Con riguardo alla suddetta categoria di lavoratori la legge di conversione del d.l. n. 216/2011 ha previsto innanzitutto lo slittamento al 30 giugno 2012 del termine per l’emanazione del decreto con il quale dovranno essere definite le modalità di richiesta di applicazione delle norme previgenti alla riforma pensionistica contenuta nella legge n. 214/2011. Ampliando in ogni caso la platea dei destinatari, la norma introdotta dalla legge di conversione del d.l. 216 ha poi esteso il beneficio della “immunità” dai nuovi requisititi pensionistici – oltre ai lavoratori individuati dal decreto salva-Italia (art. 22, comma 14, d.l. n. 201/11, convertito dalla l. n. 214/2011) – anche ai lavoratori che abbiano risolto il rapporto di lavoro entro il 31 dicembre 2011, o in base ad accordi collettivi ovvero anche in base ad accordi individuali, a patto che la data di cessazione del rapporto di lavoro risulti da elementi certi e oggettivi (comunicazioni obbligatorie agli ispettorati del lavoro o ad altri soggetti equipollenti) e “il lavoratore risulti in possesso dei requisiti anagrafici e contributivi che, in base alla previgente disciplina pensionistica, avrebbero comportato la decorrenza del trattamento medesimo entro un periodo non superiore a ventiquattro mesi dalla data di entrata in vigore del citato decreto-legge n. 201 del 2011” (art. 6, comma 2 ter, d.l. n. 216/2011, introdotto dalla legge di conversione).
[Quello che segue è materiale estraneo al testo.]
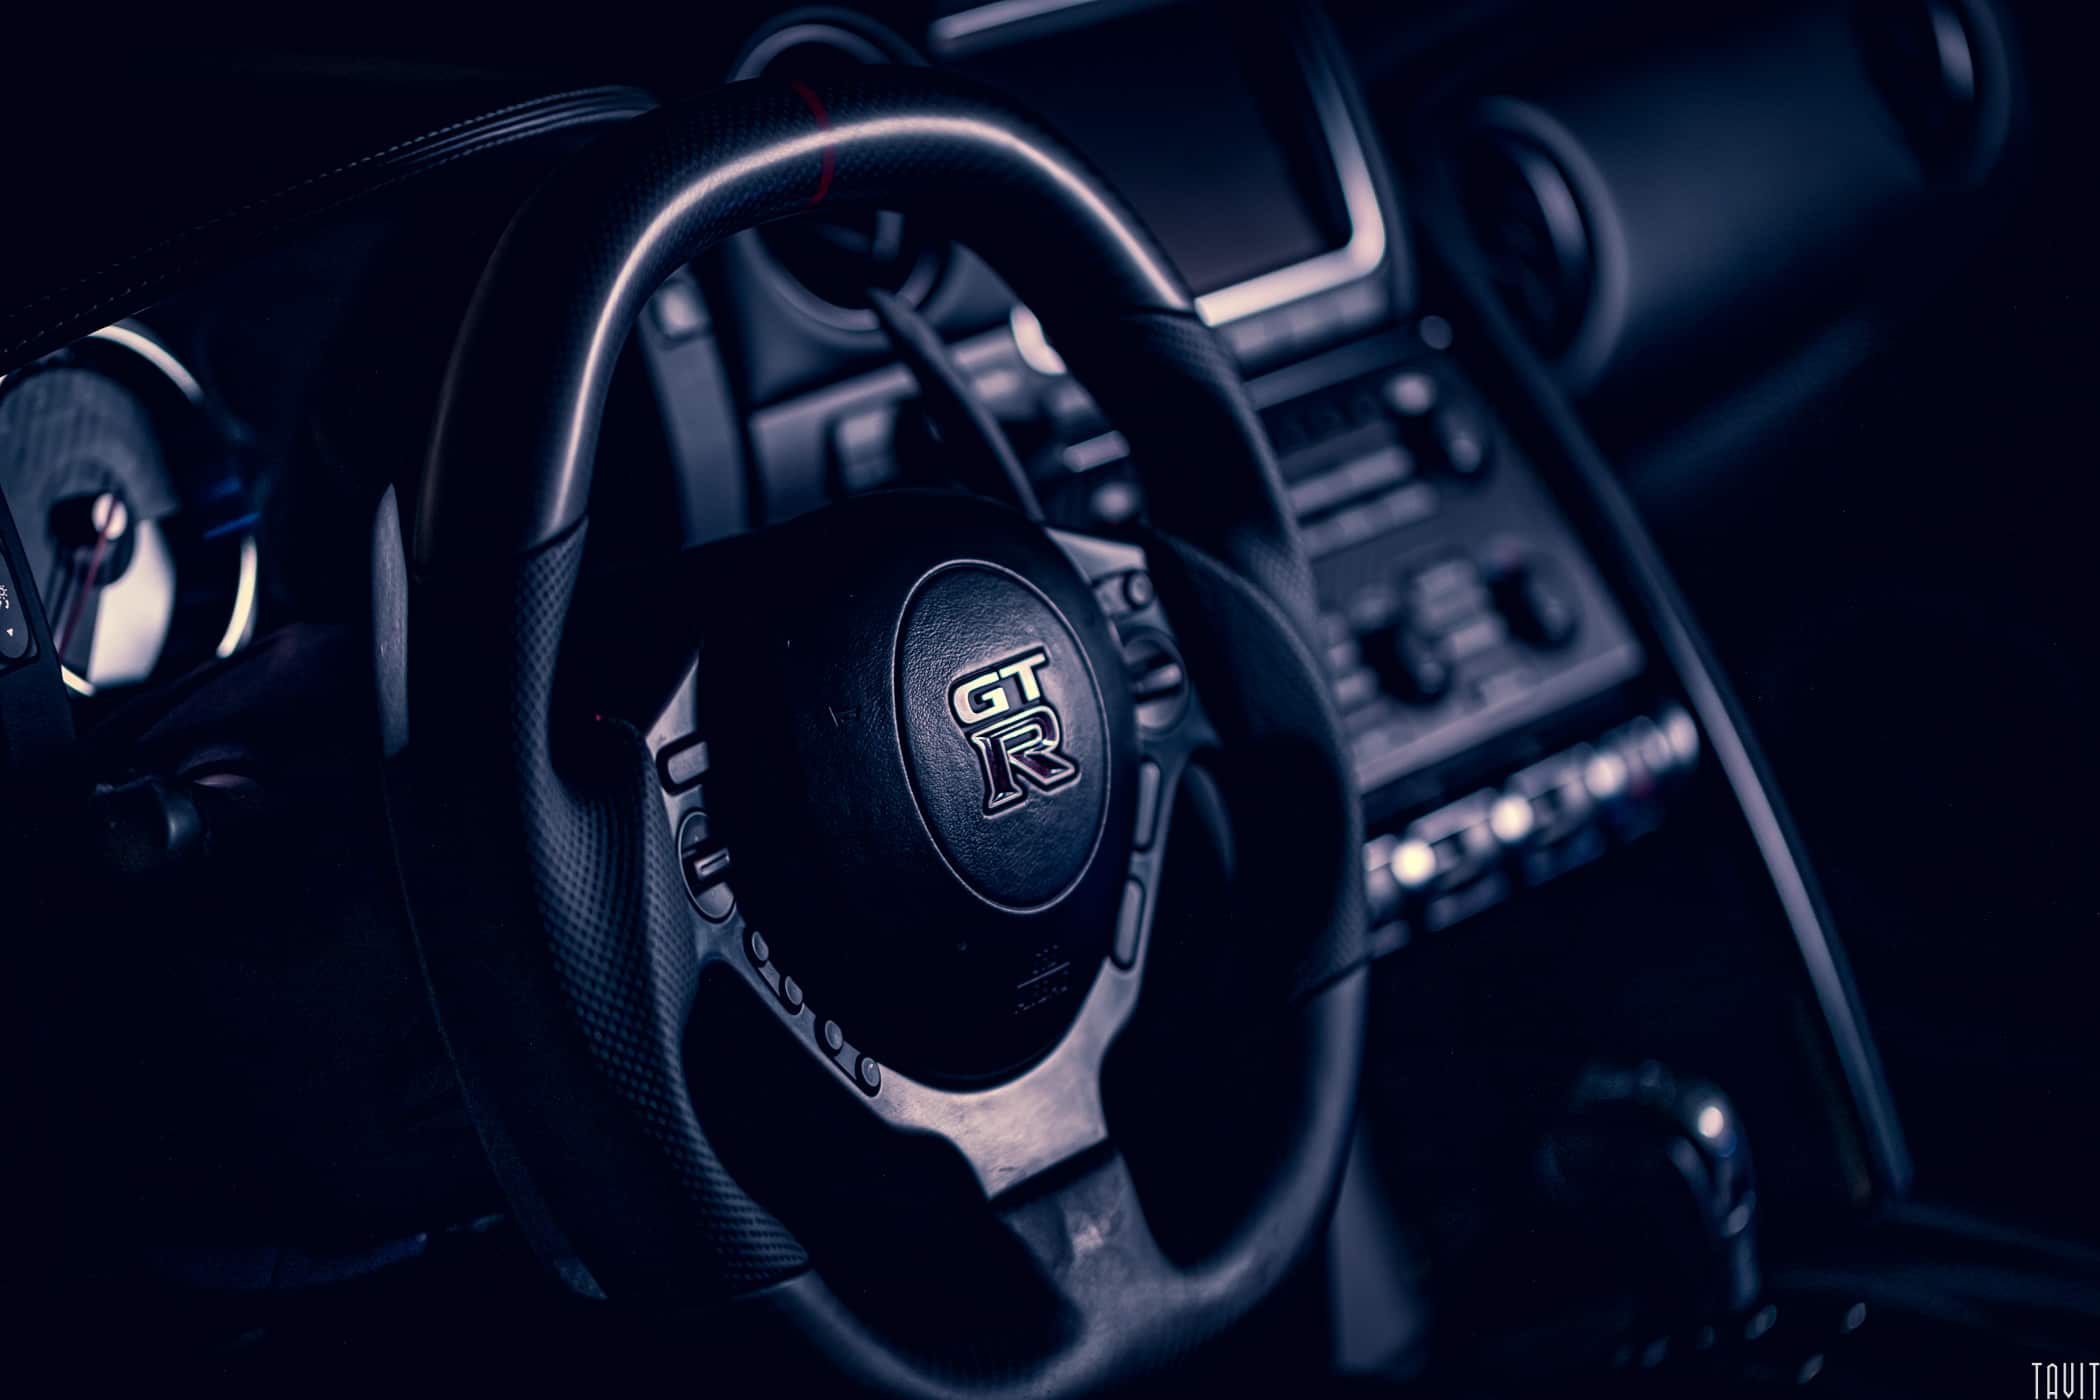 GTR steering wheel

In merito all’ultimo requisito va considerato che la norma parla di decorrenza del trattamento e non di maturazione del diritto, per cui, siccome vige il sistema delle finestre per avere diritto alla pensione, il periodo di 24 mesi in sostanza risulta più breve, in misura diversa a seconda dei casi. Va inoltre sul punto rimarcata una differenza rispetto a quanto previsto dal decreto salva-Italia in relazione ai lavoratori collocati in mobilità, anche lunga, “sulla base di accordi sindacali stipulati anteriormente al 4 dicembre 2011” (art. 24, comma 14, lett. a) e b) del d.l. n. 201/2011). In quel caso invero gli effetti con riguardo alla cessazione del rapporto di lavoro possono pertanto anche essere dilazionati nel tempo, nei termini fissati dagli stessi accordi collettivi. Invece, la seconda ipotesi introdotta dalla legge di conversione ha confini temporali certi, dati dalla data del 31 dicembre, entro al quale “il rapporto di lavoro si sia risolto”. E infatti viene previsto un meccanismo di necessaria certificazione di tale data.
Resta da aggiungere che in relazione a tale ultimo caso restano fuori dalla deroga i lavoratori coinvolti in procedure di licenziamento individuale e collettivo avvenuti in assenza di accordi, nonché i lavoratori per i quali è iniziata, ma non si è conclusa, la procedura di licenziamento.